Securities and Exchange Commission

Division of Corporation Finance

Office of Energy & Transportation

100 F Street, NE Washington, D.C. 20549

Attention: Robert Shapiro

     Joel Parker

     Cara Wirth

     Taylor Beech

 

  Re:

Lions Gate Entertainment Corp.

 

Amendment No. 3 to Registration Statement on Form S-4

 

Filed January 27, 2025

 

File No. 333-282630

Ladies and Gentlemen:

On behalf of our client, Lions Gate Entertainment Corp. (“Lionsgate”), we are providing Lionsgate’s response to the comments of the Staff (the “Staff”) of the Division of Corporation Finance (the “Division”) of the U.S. Securities and Exchange Commission (the “SEC”) set forth in its letter, dated February 6, 2025, with respect to the above-referenced Registration Statement on Form S-4 (the “Registration Statement”).

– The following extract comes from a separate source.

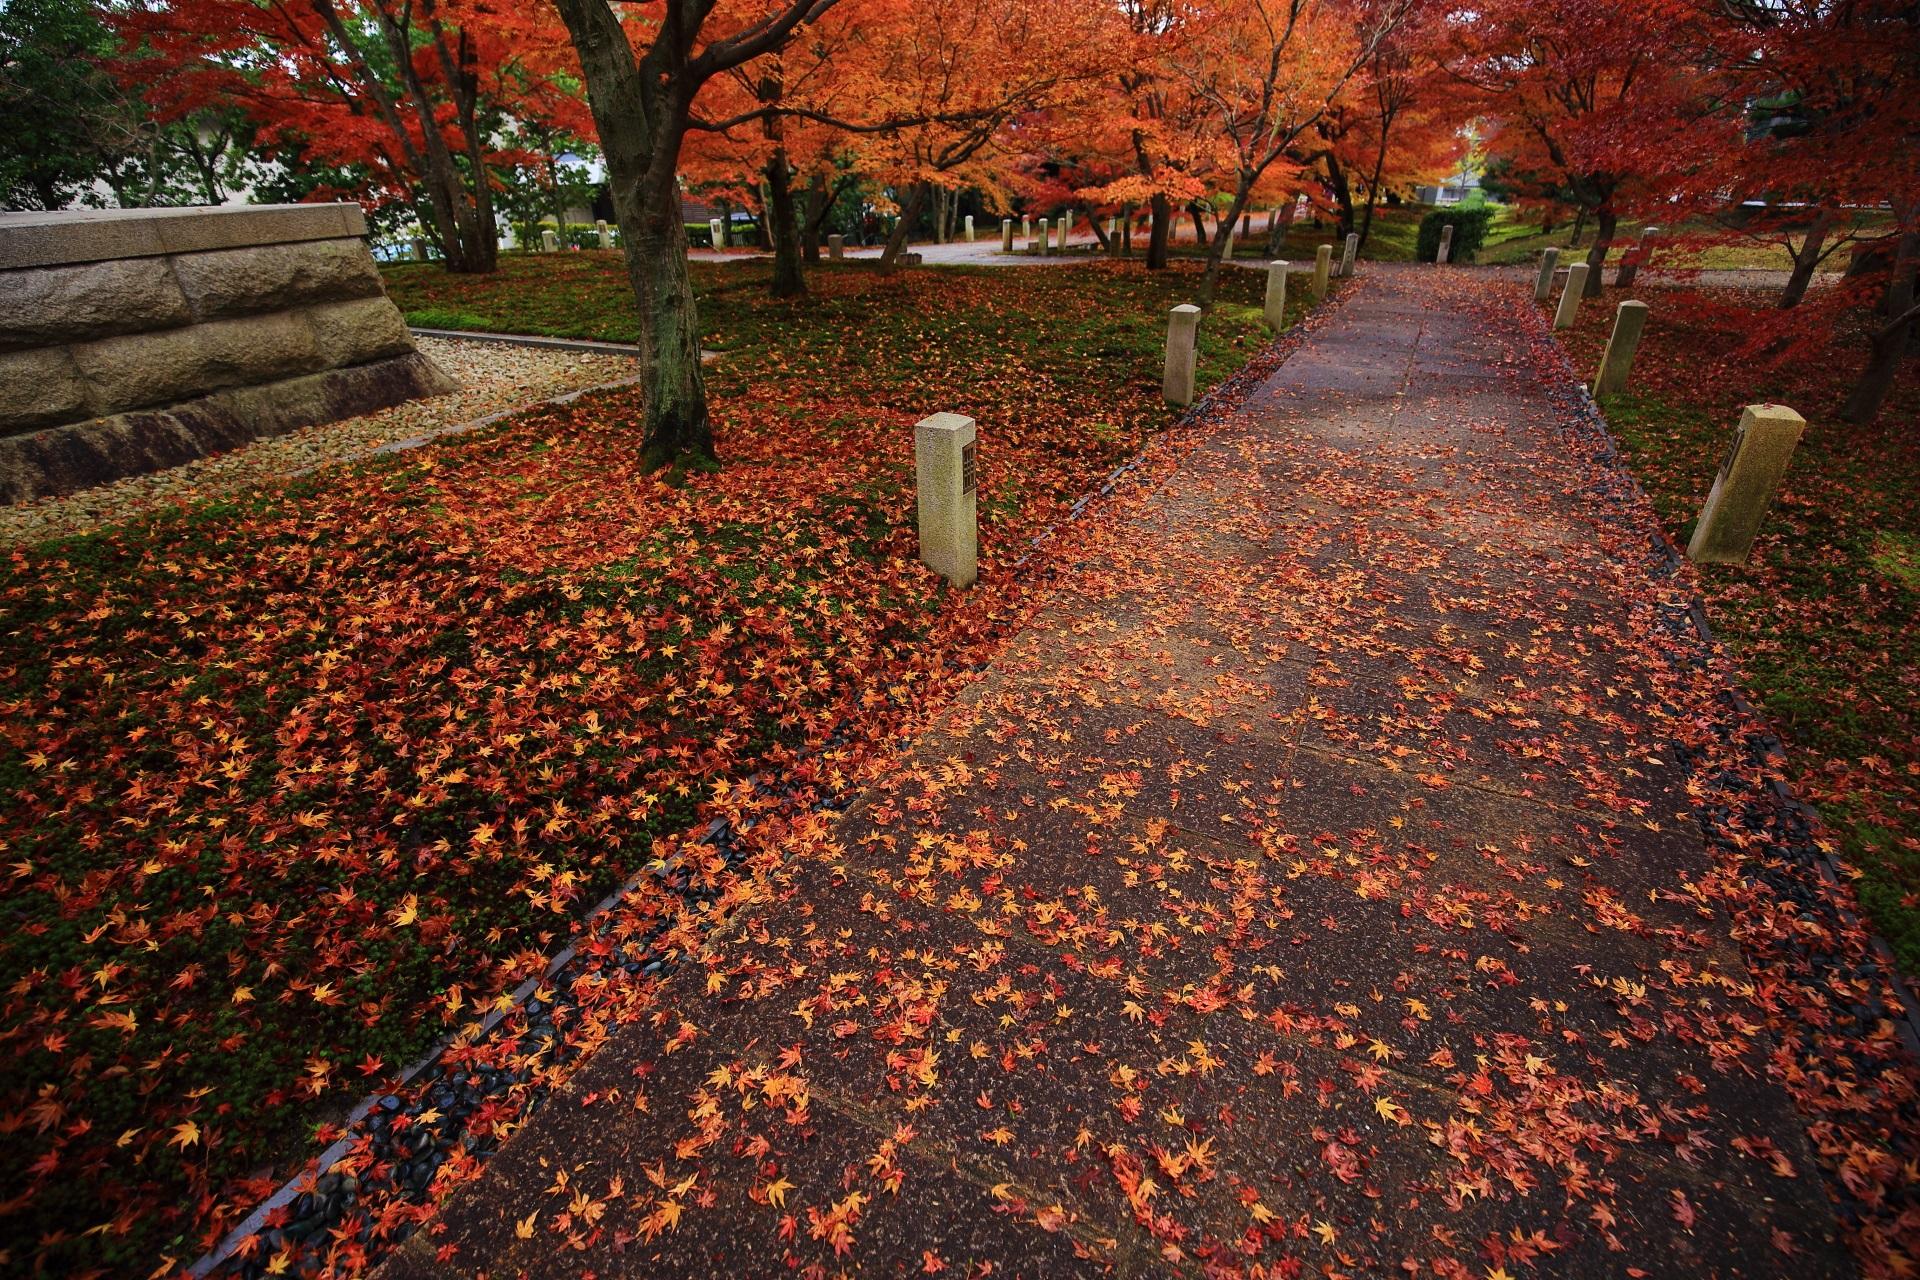 雨に濡れた石畳の参道と苔を彩る色とりどりの散り紅葉
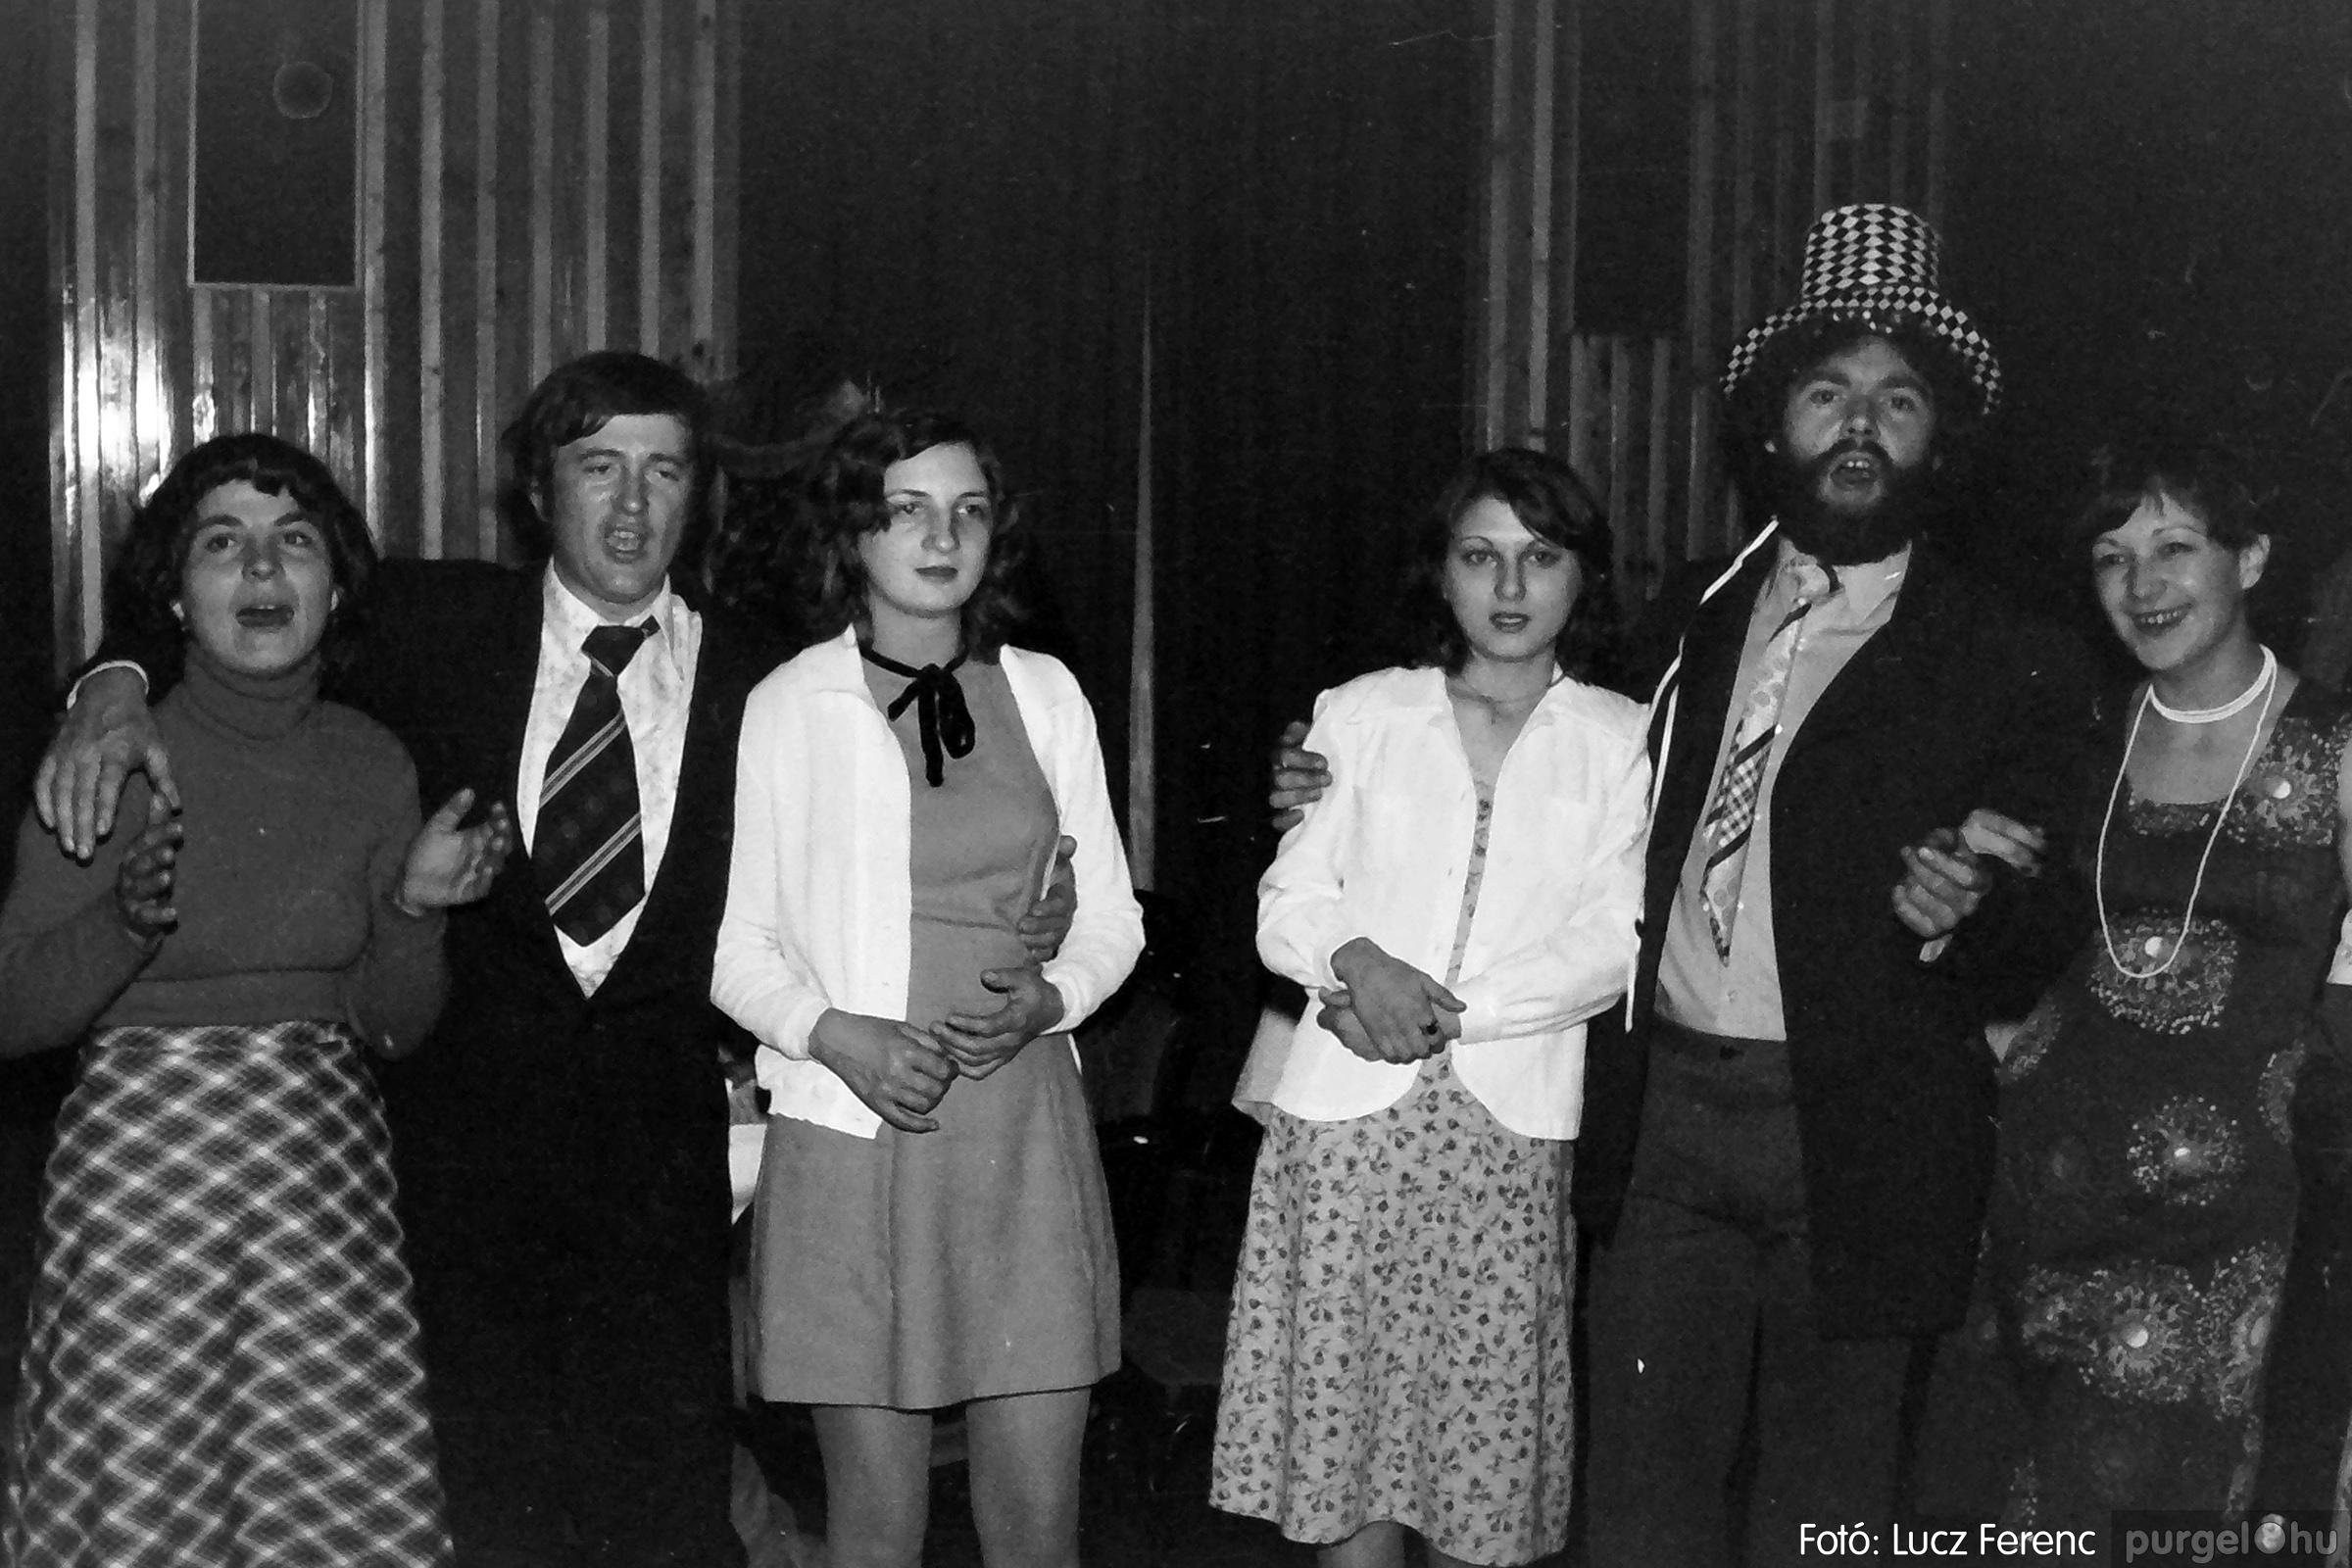 070. 1976.12.31. Szilveszter a kultúrházban 002. - Fotó: Lucz Ferenc.jpg

Lionsgate has filed via EDGAR Amendment No. 4 to the Registration Statement (the “Amended Registration Statement”), which reflects Lionsgate’s responses to the comments received by the Staff and certain updated information. For the Staff’s convenience, the text of the Staff’s comment is set forth below in bold, followed by Lionsgate’s response. All page references in the responses set forth below refer to page numbers in the Amended Registration Statement. Terms not otherwise defined in this letter shall have the meanings set forth in the Amended Registration Statement.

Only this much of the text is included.